Genetically determined (inherited or acquired due to spontaneous mutations) cardiac arrhythmias represent a distinct category of cardiac disorders arising from alterations in the electrophysiological properties of the heart. Mutations in genes encoding specific ion channels form the basis of certain inheritable arrhythmogenic disorders that can occur in structurally normal hearts. These include Long QT Syndrome (LQTS), Short QT Syndrome (SQTS), Brugada Syndrome, catecholaminergic polymorphic ventricular tachycardia (CPVT), arrhythmogenic cardiomyopathies, and other related conditions.

Genetic testing is performed in specialized laboratories using a blood sample from the patient to identify any pathogenic mutation in the genes associated with the disease. If a mutation is detected, it confirms the cause of the disorder, facilitates clinical management and therapeutic decisions, and prompts genetic screening of family members to assess their risk of developing the condition.

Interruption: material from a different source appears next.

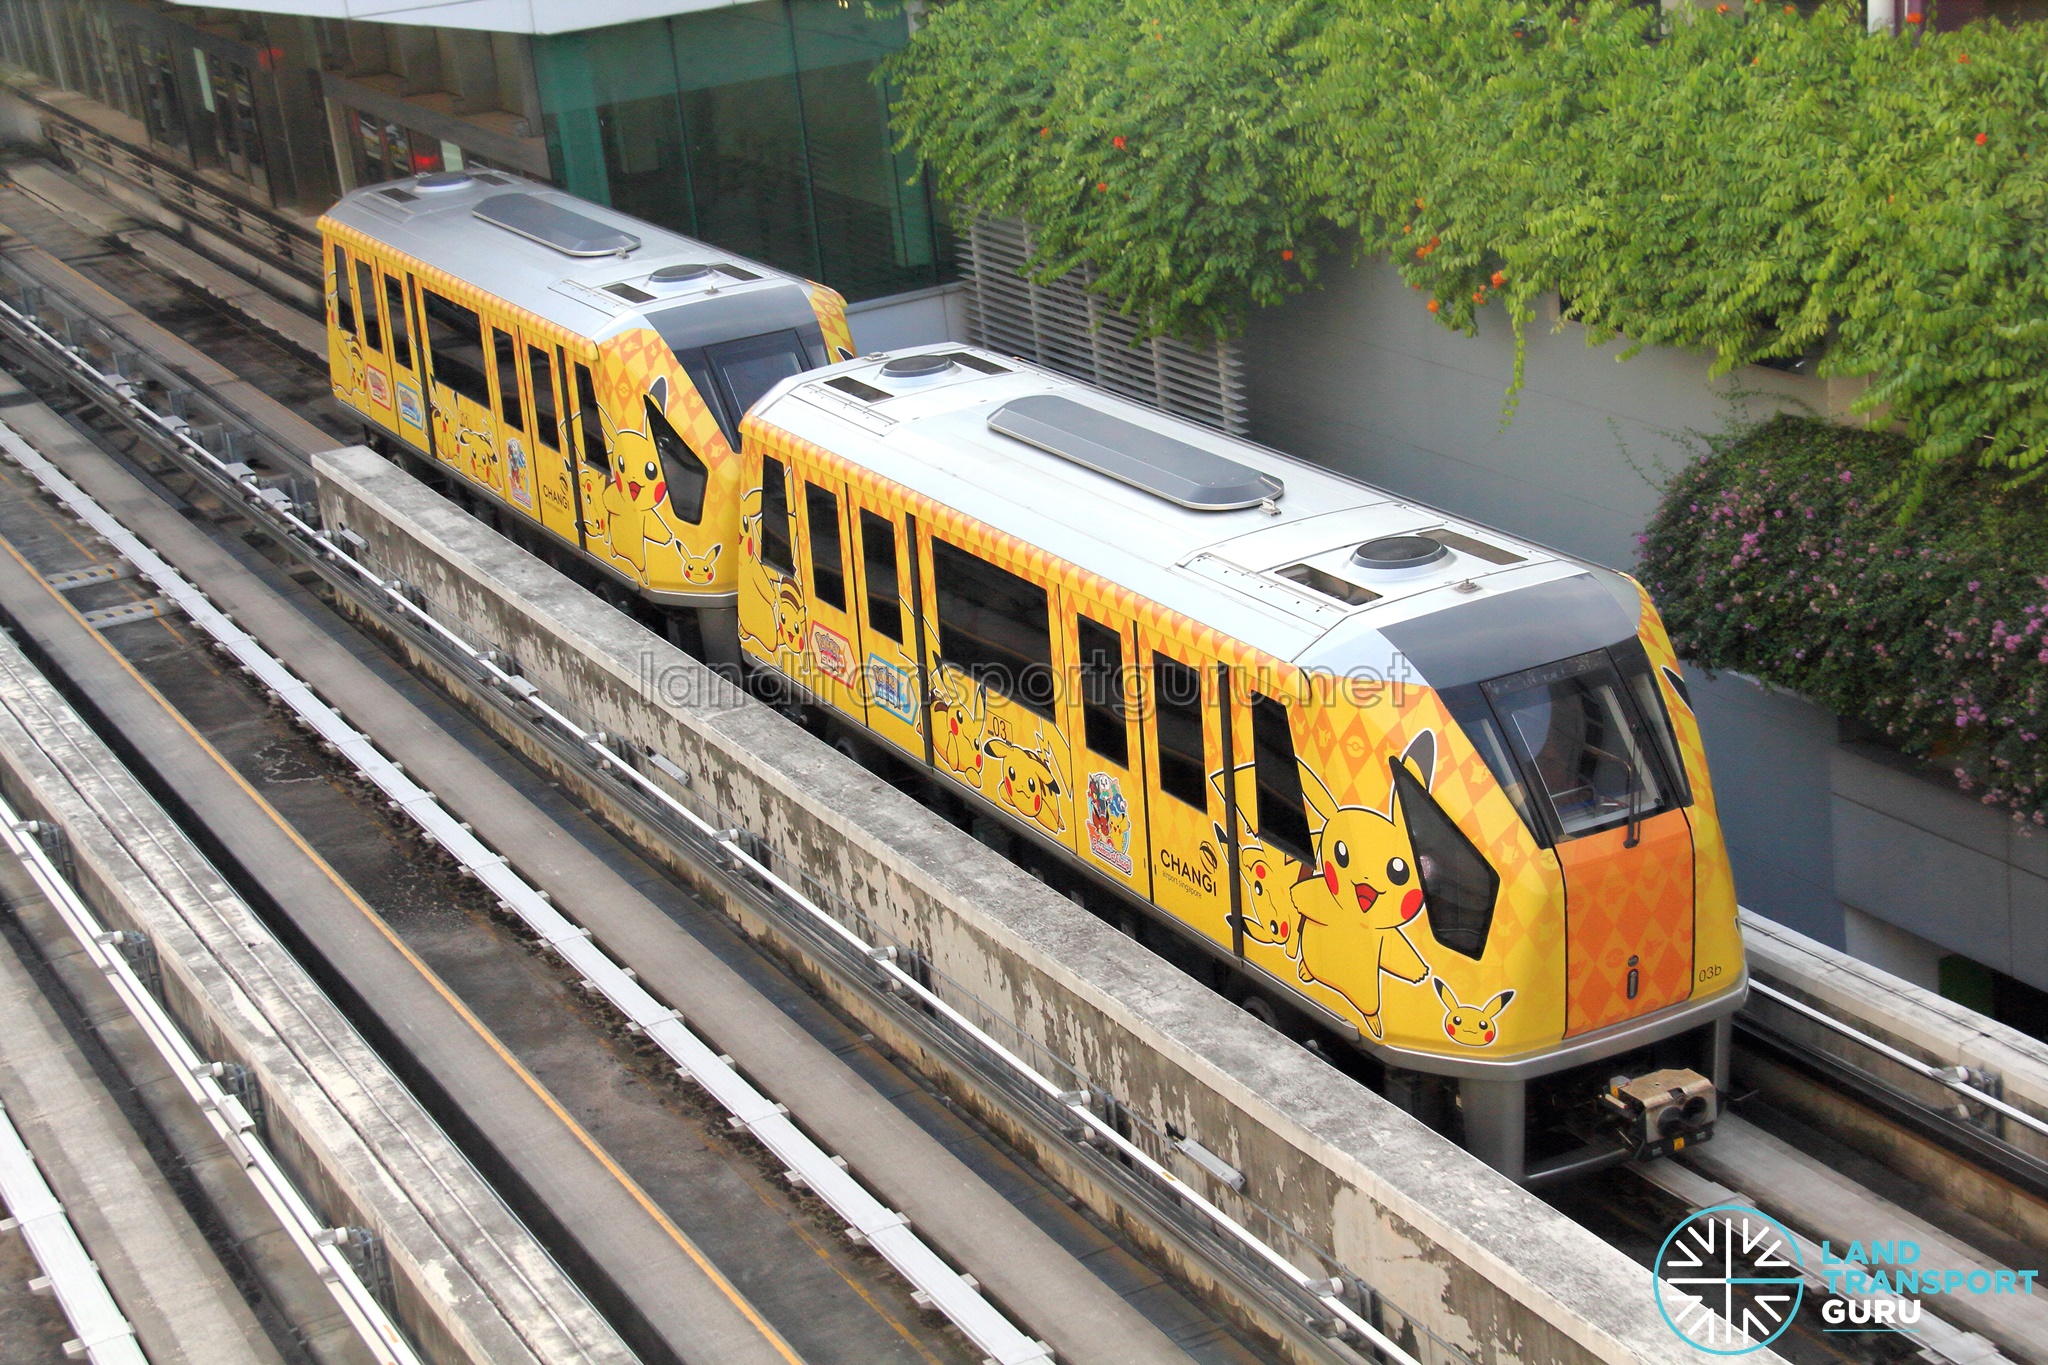 Changi Airport Skytrain (Double-car) in a Pokemon-themed livery

Genetic Causes of Cardiomyopathies

Many cardiomyopathies result from mutations in genes affecting the contractile system of cardiac muscle fibers. Specific genes have been implicated in cardiomyopathies such as dilated, hypertrophic, restrictive, and arrhythmogenic right ventricular cardiomyopathy. The risk associated with each type of cardiomyopathy depends on the responsible gene. Genetic testing allows for more precise classification of patients based on the pathophysiology of the identified gene mutation and facilitates risk stratification. Furthermore, it enables the identification of asymptomatic individuals who may be at increased risk of developing cardiomyopathy due to genetic mutations. Identifying the underlying genetic cause can guide decisions regarding optimal therapeutic strategies and the need for preventive screening of other family members.